BEGIN DATA EXTRACT

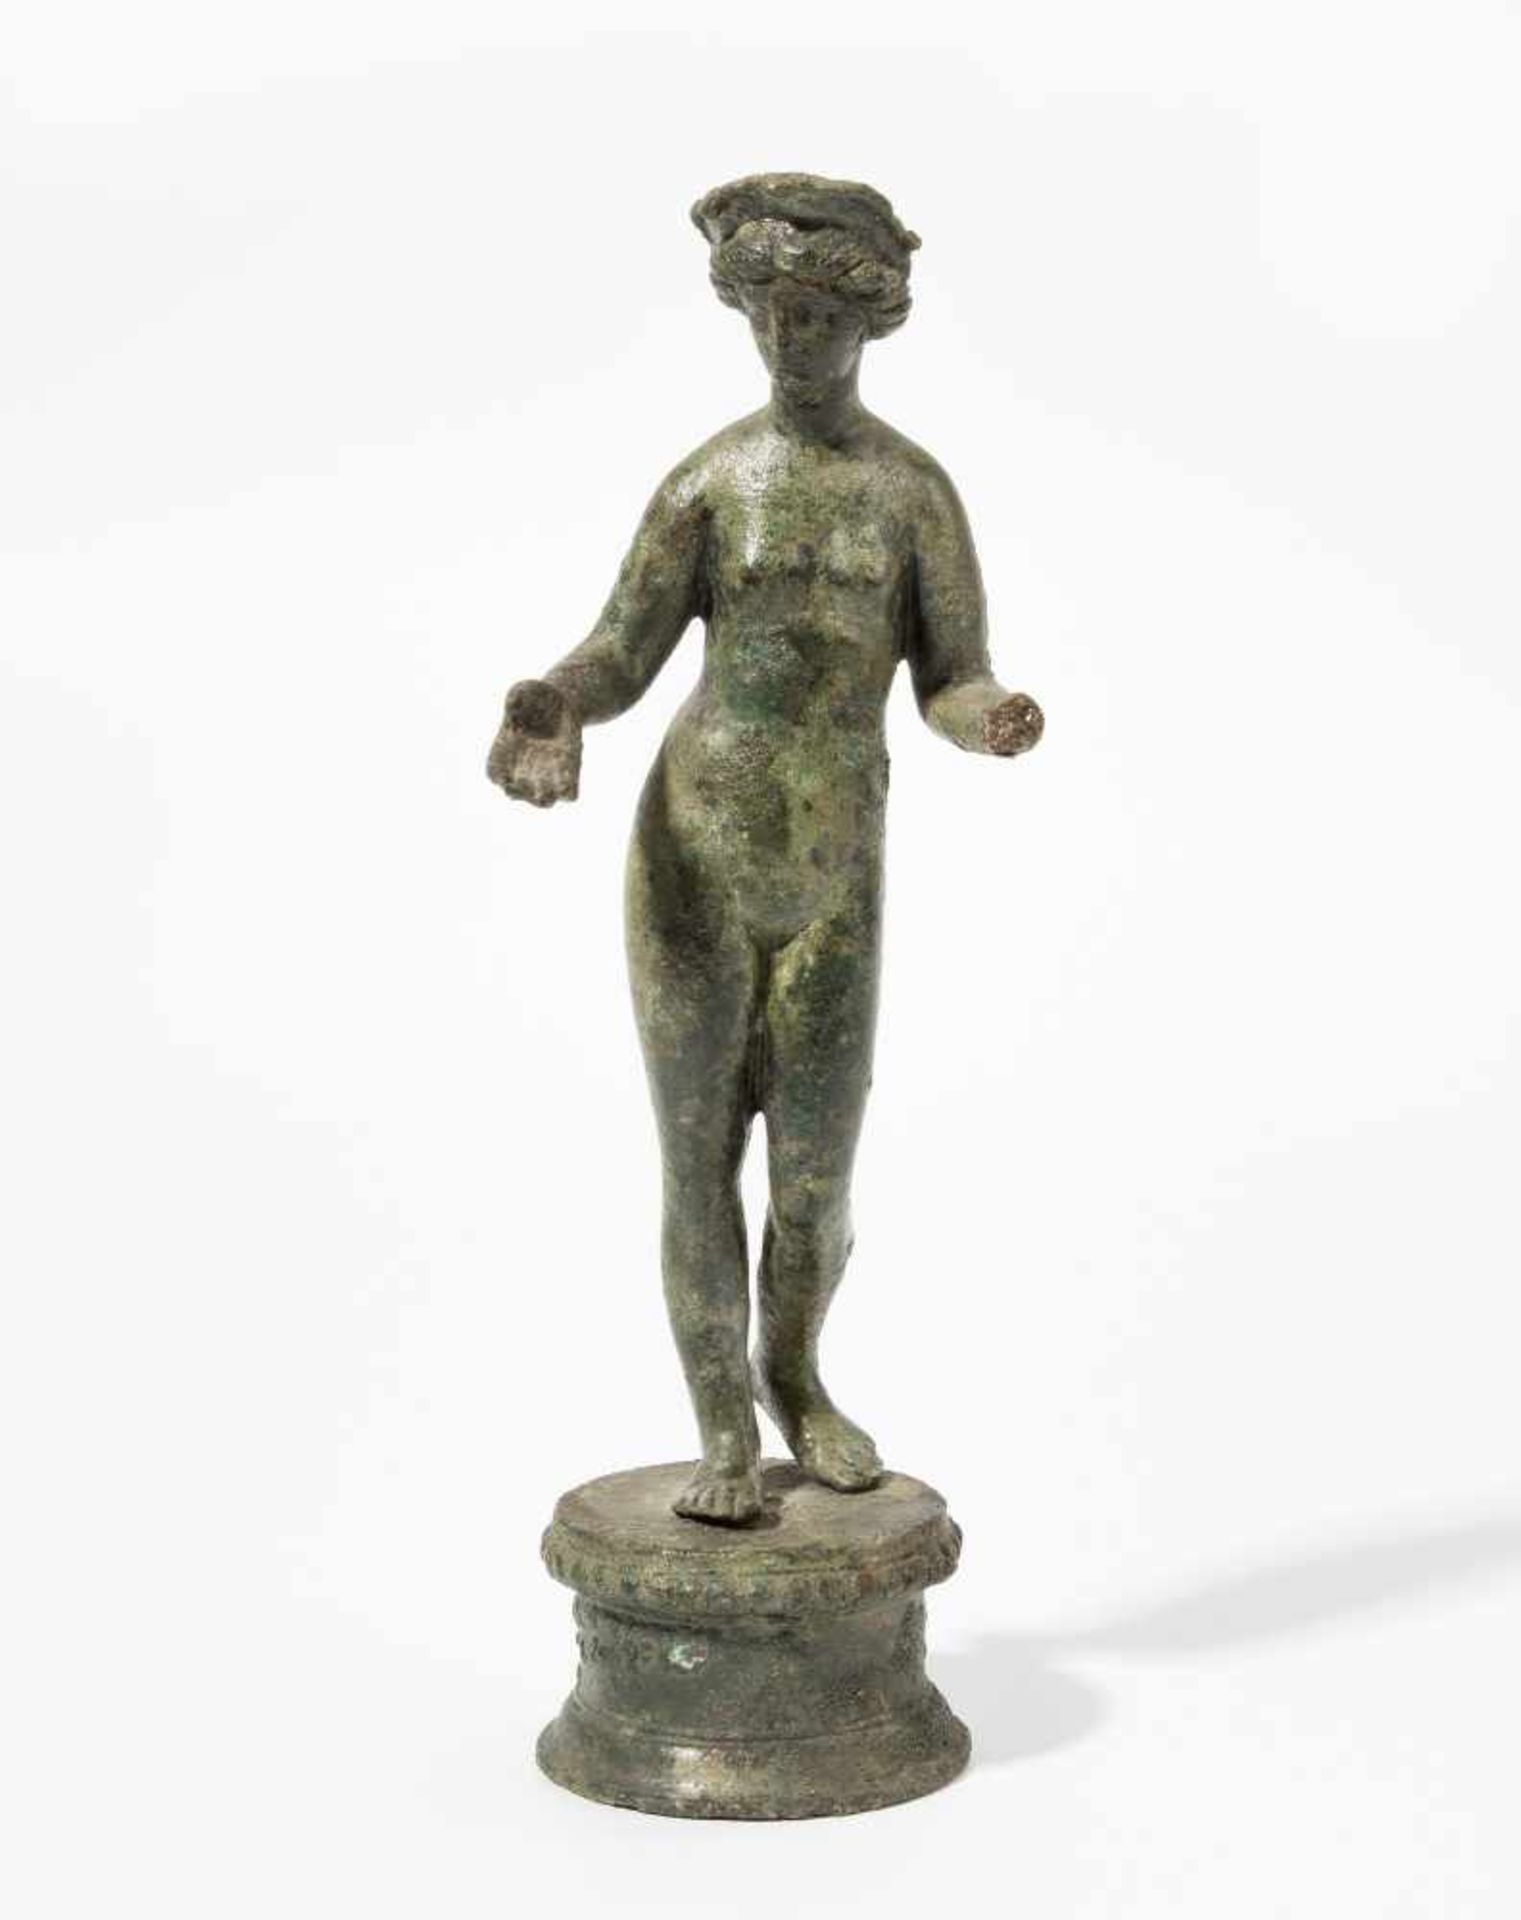 Statuette der VenusRömisch, 1.–2.Jh. n.C. Bronzevollguss. In leichtem Kontrapost stehende Venus
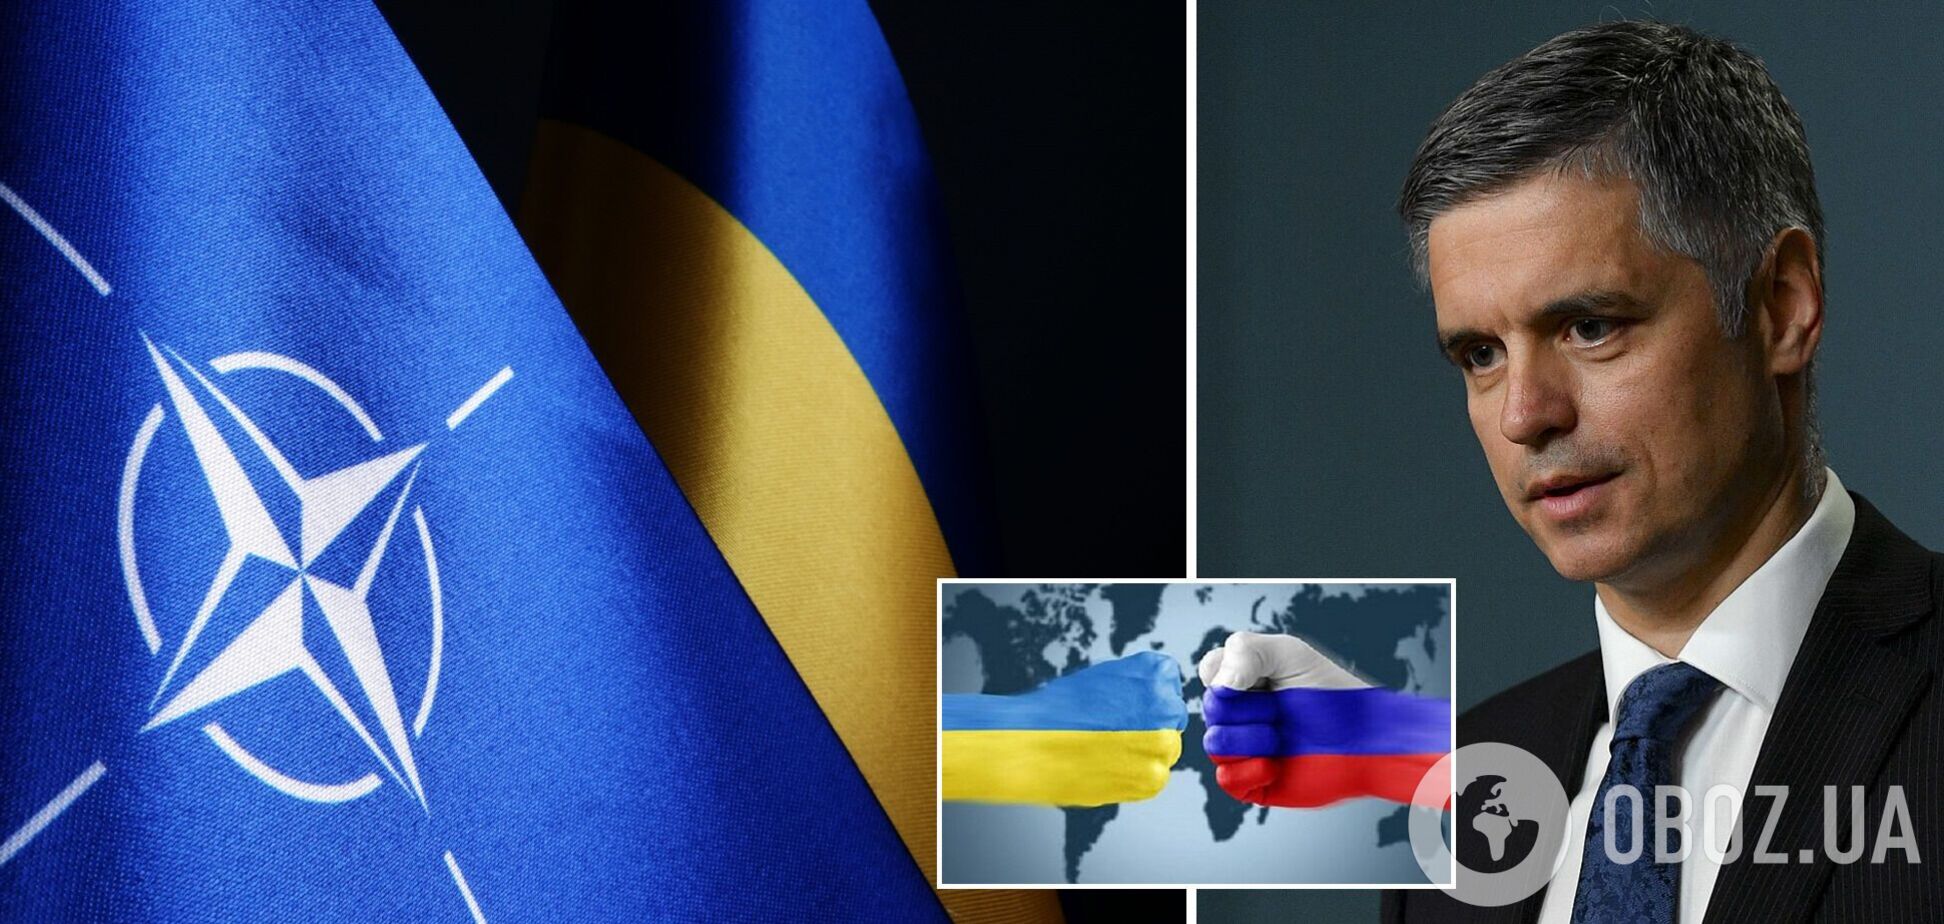 Пристайко відзначився скандальною заявою про вступ України в НАТО: у Зеленського та МЗС відреагували
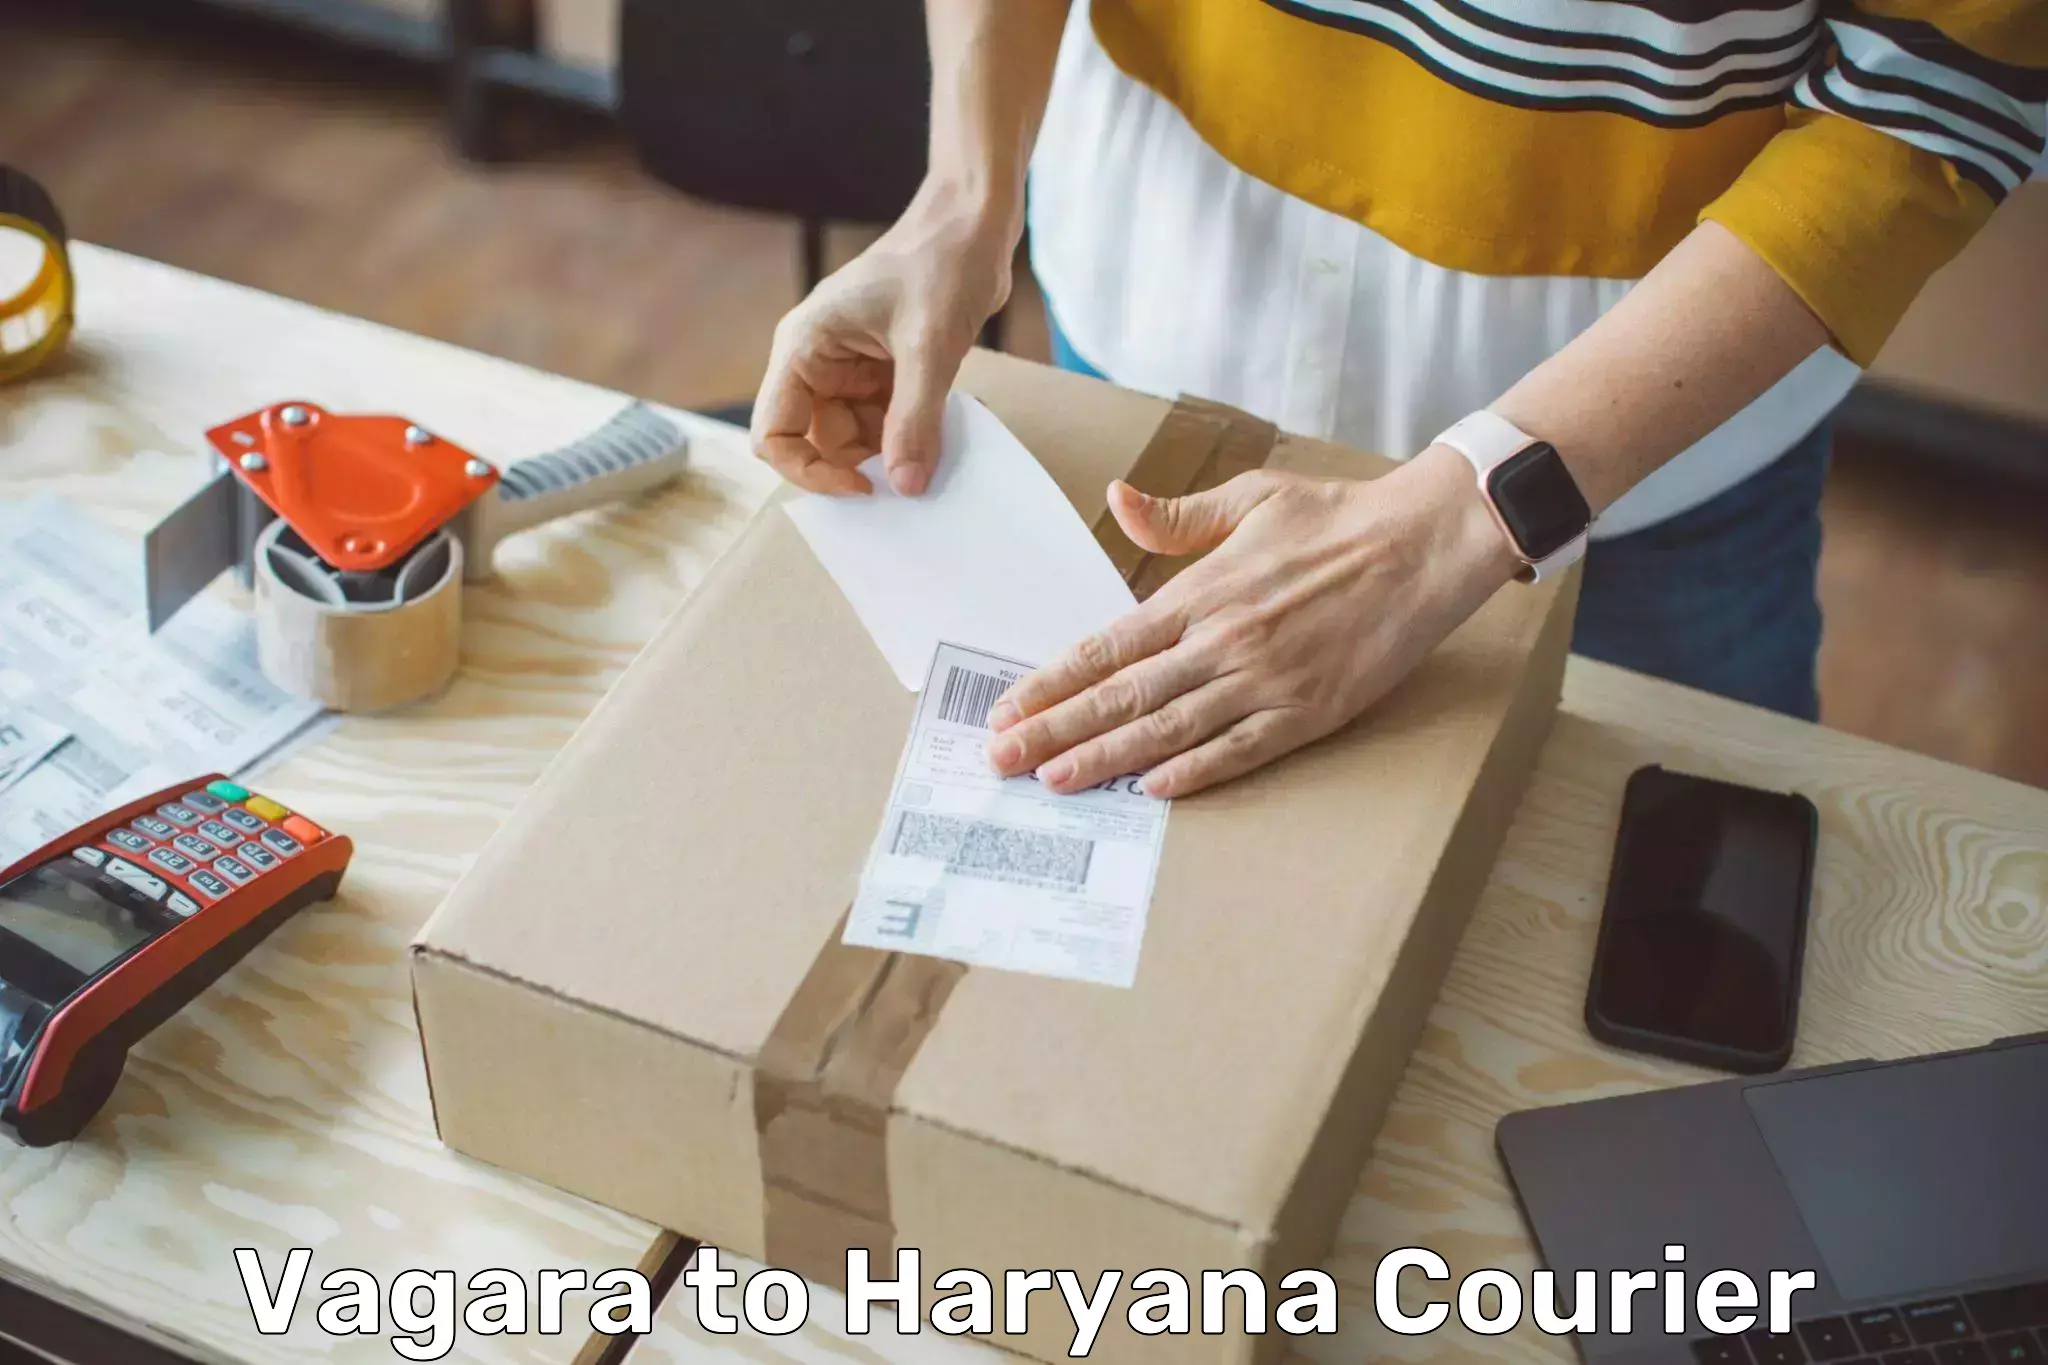 Door-to-door freight service Vagara to NCR Haryana

END DATA EXTRACT

WHAT THIS TASK INVOLVES. From the first line to the last, give the data again exactly, but without pictures.

EXPECTED OUTPUT.
 Statuette der VenusRömisch, 1.–2.Jh. n.C. Bronzevollguss. In leichtem Kontrapost stehende Venus
 Пристайко відзначився скандальною заявою про вступ України в НАТО: у Зеленського та МЗС відреагували
 Door-to-door freight service Vagara to NCR Haryana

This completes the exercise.